A general solution to the serialization problem would require another level of
registry, one that associates
classes and fields. So far, the functions
of "Hash::Util::FieldHash" are unaware of any classes, which I
consider a feature. Therefore "Hash::Util::FieldHash" doesn't
address the serialization problems.
The Generic Object¶
Classes based on the "id()" function (and hence classes based on
"idhash()" and "fieldhash()") show a peculiar behavior in
that the class name can be used like an object. Specifically, methods that set
or read data associated with an object continue to work as class methods, just
as if the class name were an object, distinct from all other objects, with its
own data. This object may be called the
generic object of the class.
This works because field hashes respond to keys that are not references like a
normal hash would and use the string offered as the hash key. Thus, if a
method is called as a class method, the field hash is presented with the class
name instead of an object and blithely uses it as a key. Since the keys of
real objects are decimal numbers, there is no conflict and the slot in the
field hash can be used like any other. The "id()" function behaves
correspondingly with respect to non-reference arguments.
Two possible uses (besides ignoring the property) come to mind. A singleton
class could be implemented this using the generic object. If necessary, an
"init()" method could die or ignore calls with actual objects
(references), so only the generic object will ever exist.
Another use of the generic object would be as a template. It is a convenient
place to store class-specific defaults for various fields to be used in actual
object initialization.
Usually, the feature can be entirely ignored. Calling
object
methods as
class methods normally leads to an error and isn't
used routinely anywhere. It may be a problem that this error isn't indicated
by a class with a generic object.
How to use Field Hashes¶
Traditionally, the definition of an inside-out class contains a bare block
inside which a number of lexical hashes are declared and the basic accessor
methods defined, usually through "Scalar::Util::refaddr". Further
methods may be defined outside this block. There has to be a DESTROY method
and, for thread support, a CLONE method.
When field hashes are used, the basic structure remains the same. Each lexical
hash will be made a field hash. The call to "refaddr" can be omitted
from the accessor methods. DESTROY and CLONE methods are not necessary.

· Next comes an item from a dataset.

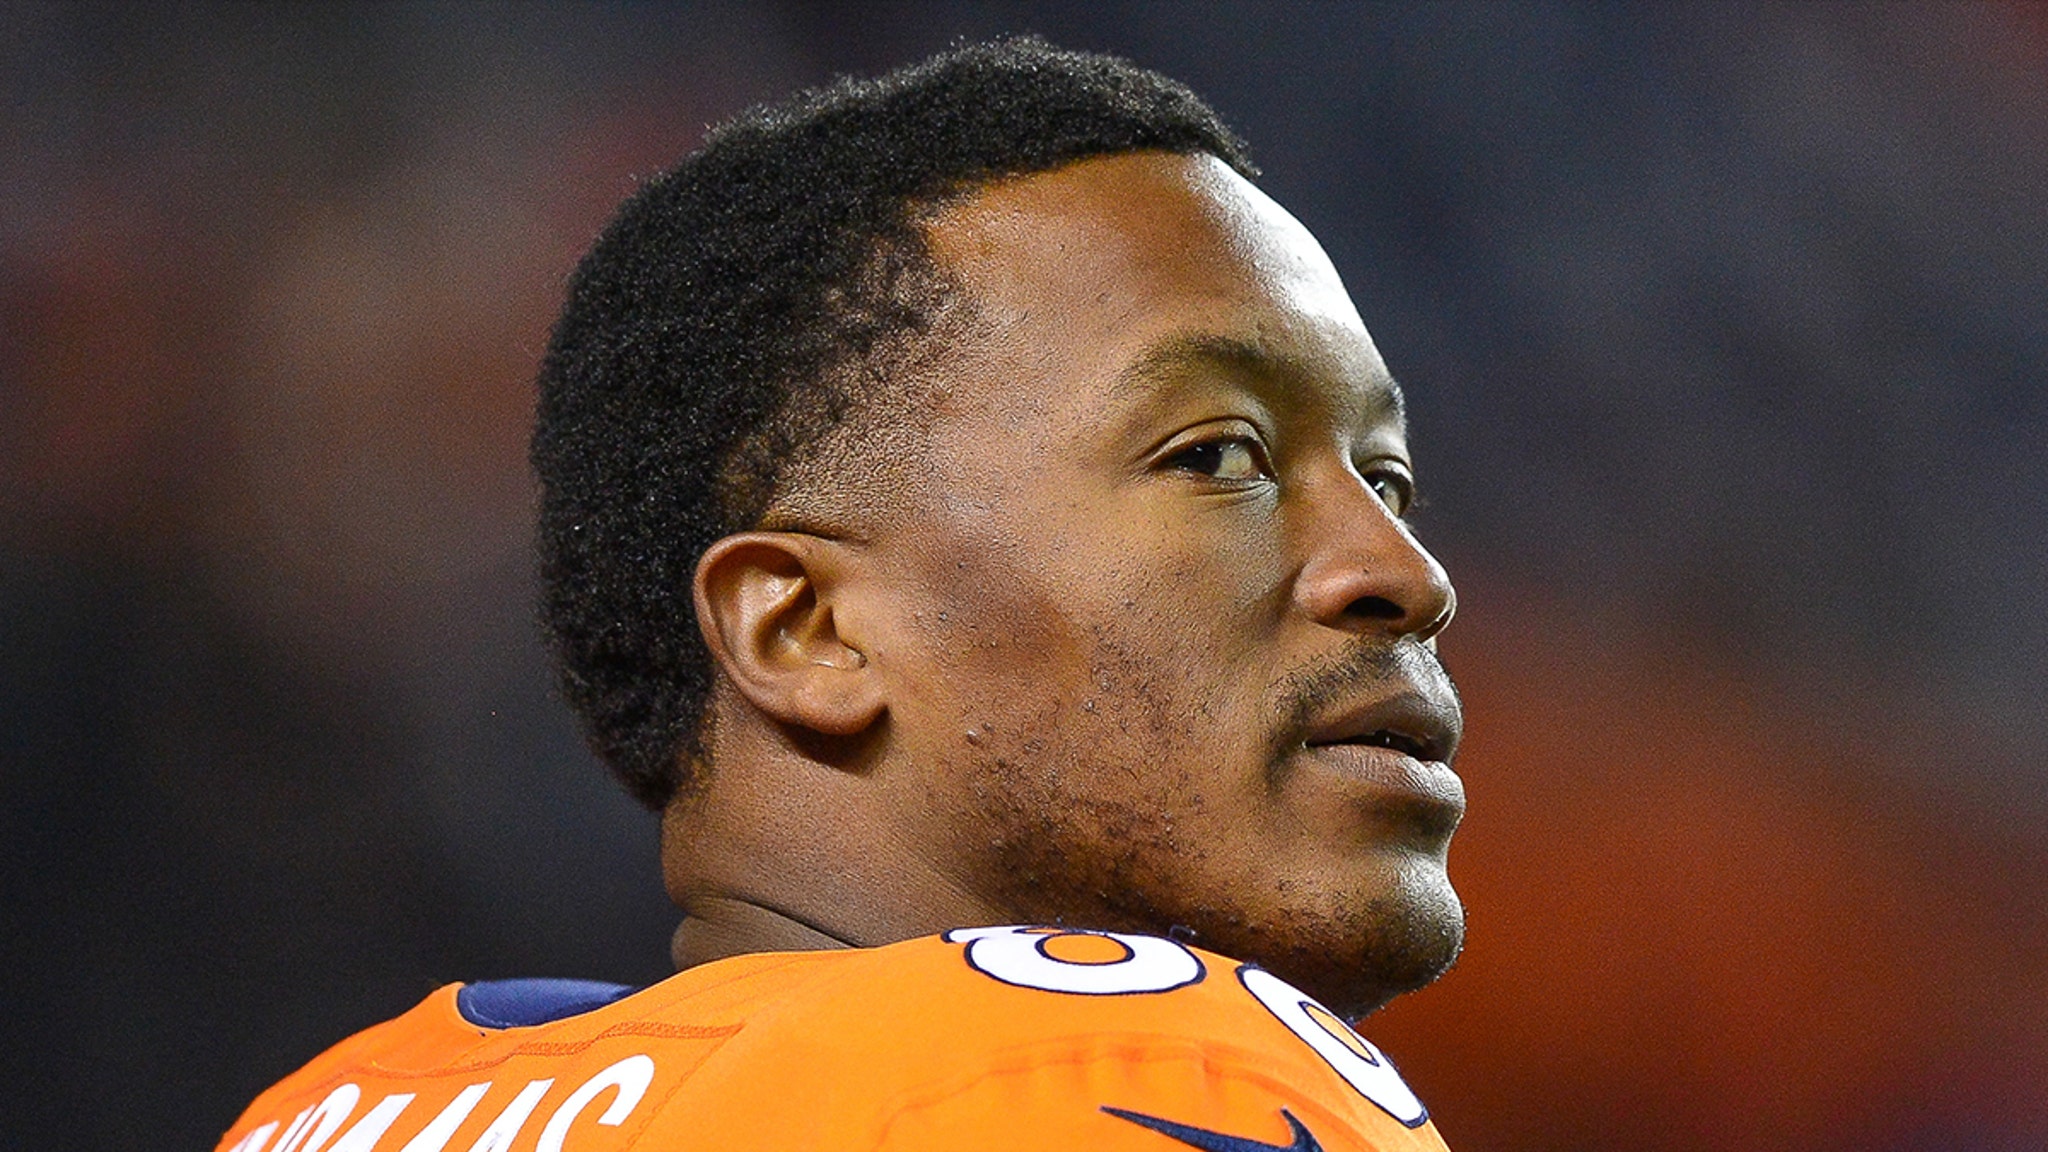 Demaryius Thomas Found Dead In Shower After 911 Call For 'Cardiac Arrest'

If you have an existing inside-out class, simply making all hashes field hashes
with no other change should make no difference. Through the calls to
"refaddr" or equivalent, the field hashes never get to see a
reference and work like normal hashes. Your DESTROY (and CLONE) methods are
still needed.
To make the field hashes kick in, it is easiest to redefine "refaddr"
as
sub refaddr { shift }
instead of importing it from "Scalar::Util". It should now be possible
to disable DESTROY and CLONE. Note that while it isn't disabled, DESTROY will
be called before the garbage collection of field hashes, so it will be invoked
with a functional object and will continue to function.
It is not desirable to import the functions "fieldhash" and/or
"fieldhashes" into every class that is going to use them. They are
only used once to set up the class. When the class is up and running, these
functions serve no more purpose.
If there are only a few field hashes to declare, it is simplest to
use Hash::Util::FieldHash;
early and call the functions qualified:
Hash::Util::FieldHash::fieldhash my %foo;
Otherwise, import the functions into a convenient package like "HUF"
or, more general, "Aux"
{
package Aux;
use Hash::Util::FieldHash ':all';
}
and call
Aux::fieldhash my %foo;
as needed.
Garbage-Collected Hashes¶
Garbage collection in a field hash means that entries will
"spontaneously" disappear when the object that created them
disappears. That must be borne in mind, especially when looping over a field
hash. If anything you do inside the loop could cause an object to go out of
scope, a random key may be deleted from the hash you are looping over. That
can throw the loop iterator, so it's best to cache a consistent snapshot of
the keys and/or values and loop over that. You will still have to check that a
cached entry still exists when you get to it.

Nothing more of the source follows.